Этот взгляд был знаком Берии, ох как хорошо знаком... Он просвечивал душу как рентгеном, выискивая в ней пятна измены. И все же он не отвел глаз в сторону и твердо заявил:
— Товарищ Вышинский беспощадной борьбой с троцкистами, зиновьевцами и прочей мелкобуржуазной сволочью доказал свою преданность революции и партии! А этот... — Он силился подобрать нужное слово, злость душила его, наконец он яростно выпалил: — Вонючий шакал! Мы слишком поздно разглядели его. Прикрываясь партийным билетом, он готовился совершить теракт против вас и членов Политбюро!
— Лаврентий... — Здесь Сталин поморщился и напомнил: — Если мне не изменяет память, в конце двадцатых ты его не раз нахваливал и даже представлял к ордену за разоблачение заговора меньшевиков в Грузии.
В глазах наркома промелькнула растерянность, но он быстро оправился и с негодованием воскликнул:
— Товарищ Сталин, вы нас учите, что никакие заслуги в прошлом не дают права встать над партией, а тем более выступить против нее.
— Правильно! Мы все ее рядовые бойцы, — неопределенно ответил Вождь и оценивающе посмотрел на своего давнего соратника, будто увидел впервые. Потом он снова прошел к окну и остановился.
Солнце поднялось над лесом, мороз спал, и дымка, окутывавшая деревья, рассеялась. Девственно чистый снег искрился бриллиантовым блеском. Легкий ветерок, прошумев среди вершин сосен, озорно перескочил через глухой забор, пробежался по саду и снежным водопадом осыпался с веток на землю. Но Сталин не замечал тихой красоты зимнего дня, его мысли занимало совершенно другое.
Через сутки, а может, уже через несколько часов для тех, кто значится в списках, все это перестанет существовать: и небо, и солнце, и снег. Один только росчерк пера, и их не станет. А ведь совсем недавно им рукоплескала восторженная толпа, на демонстрациях несли транспаранты с выписанными аршинными буквами именами... Но уже сегодня друзья открещиваются от них, клеймят позором, призывают к беспощадной борьбе с изменниками, террористами и вредителями.
Изменники? Вредители? Не раз и не два задавался он этим вопросом. Большевики с дореволюционным стажем, прошедшие через царскую каторгу, сегодняшние «властители умов», пробившиеся во власть, — чего вы все без меня стоите?! Он гневно повел плечом. Я дал вам все: спокойную сытую жизнь, всенародную любовь и, наконец, такую власть, какая и не снилась царским сатрапам! Но вам этого показалось мало. Мерзавцы! Подлецы! Вы посмели усомниться в том, что я выстрадал это место, что я отдаю партии без остатка всю свою жизнь. Жалкие пигмеи! Думаете только о себе!

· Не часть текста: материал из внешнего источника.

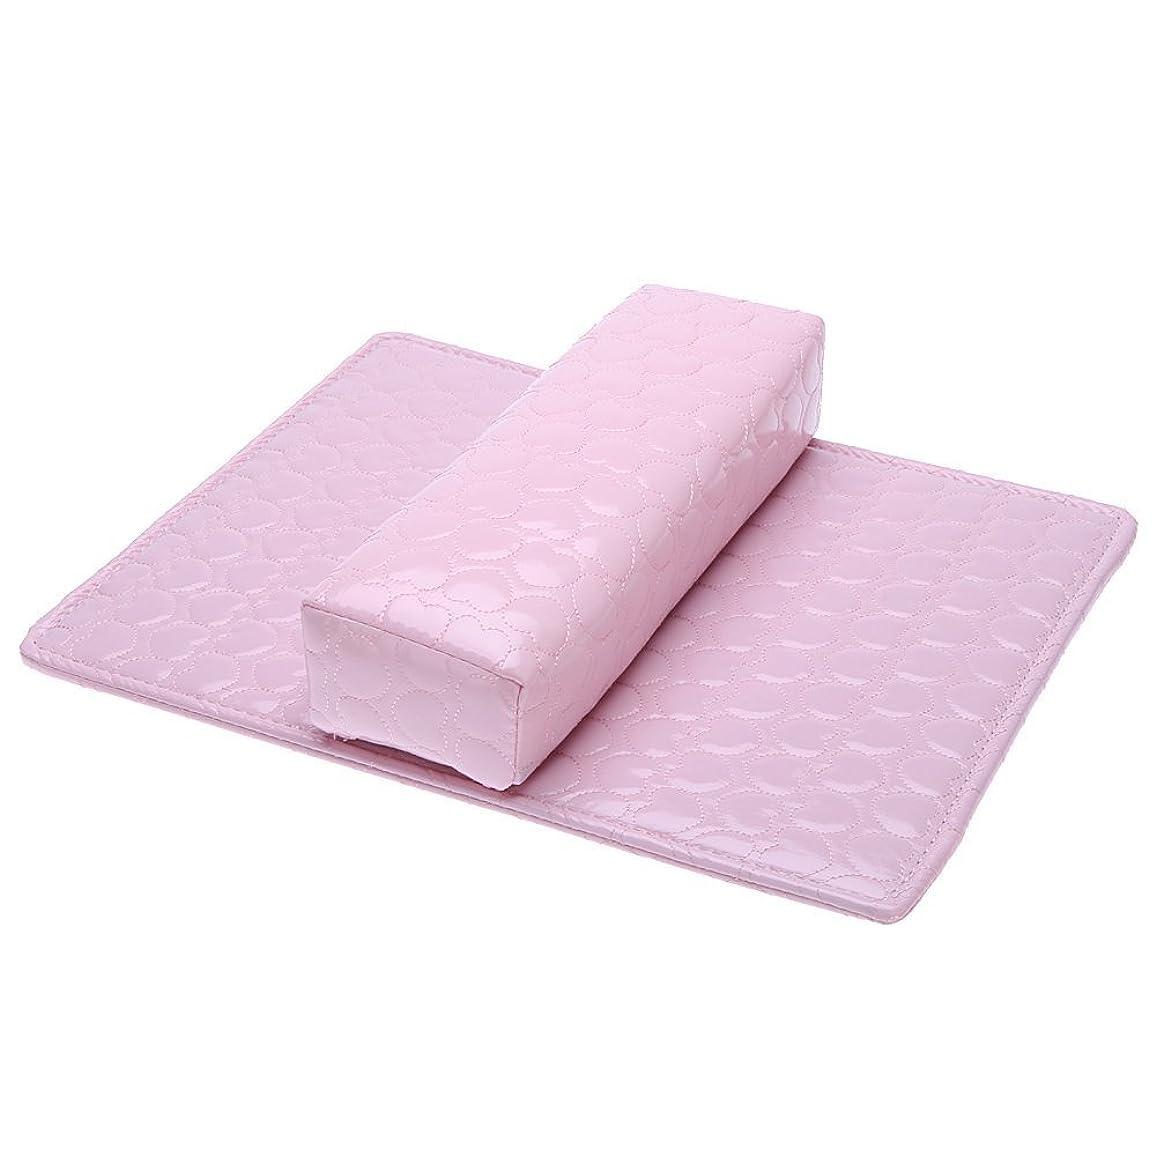 ACAMPTAR ソフトハンドクッション枕とパッドレストネイルアートアームレストホルダー マニキュアネイルアートアクセサリー PUレザー ピンク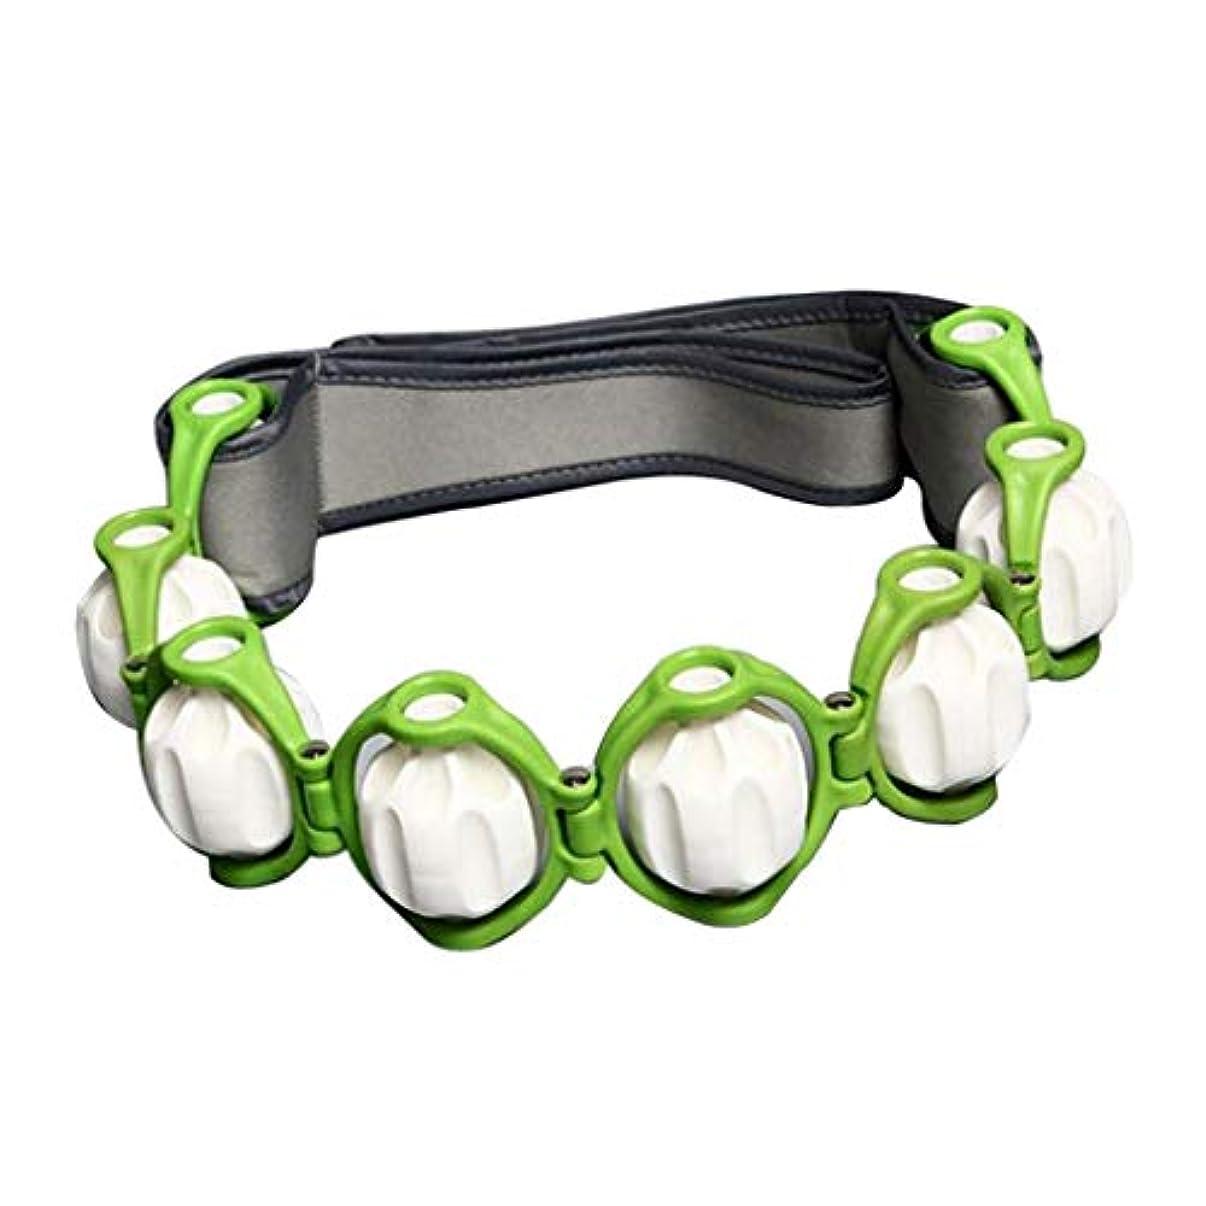 狂った敬意を表してミケランジェロフルボディ - 多機能 - 痛みを軽減するためのハンドヘルドマッサージローラーロープ - 緑, 説明したように

От гнева пальцы его сжались так, что кожа побелела на костяшках. Против них — этих надменных снобов: Бухарина и Радека, Зиновьева и Каменева, новоявленных Суворовых и Кутузовых: Тухачевского, Блюхера и Егорова — в груди поднялась глухая ярость.
Пустобрехи и краснобаи, вчерашние прапорщики, возомнившие себя солью партии и армии, вы не упускали случая ткнуть меня, недоучку-семинариста, в словесную блевотину, которую выплескивали в толпу на площадях Питера и Москвы. И это в то время, когда я, Сталин, кормил вшей в окопах под Царицыным, голодал в донских степях, топил баржами белое офицерье и предавал огню мятежные казацкие станицы. Я делал всю грязную работу, что поручала партия ради одного — победы Великой Революции!
Потом, после смерти Старика, вы, как тетерева на току, упиваясь собственным красноречием, продолжали рисоваться на митингах, а я, как ломовая лошадь, снова взвалил на себя всю рутину партийных дел. И пока вы разглагольствовали, я создал ее — свою Партию! Свое детище и свою гордость! Партию, которая должна стать новым орденом крестоносцев, и этот орден я поведу на завоевание мира, чтобы построить Великую империю, новый четвертый Рим, равного которому еще не знала история!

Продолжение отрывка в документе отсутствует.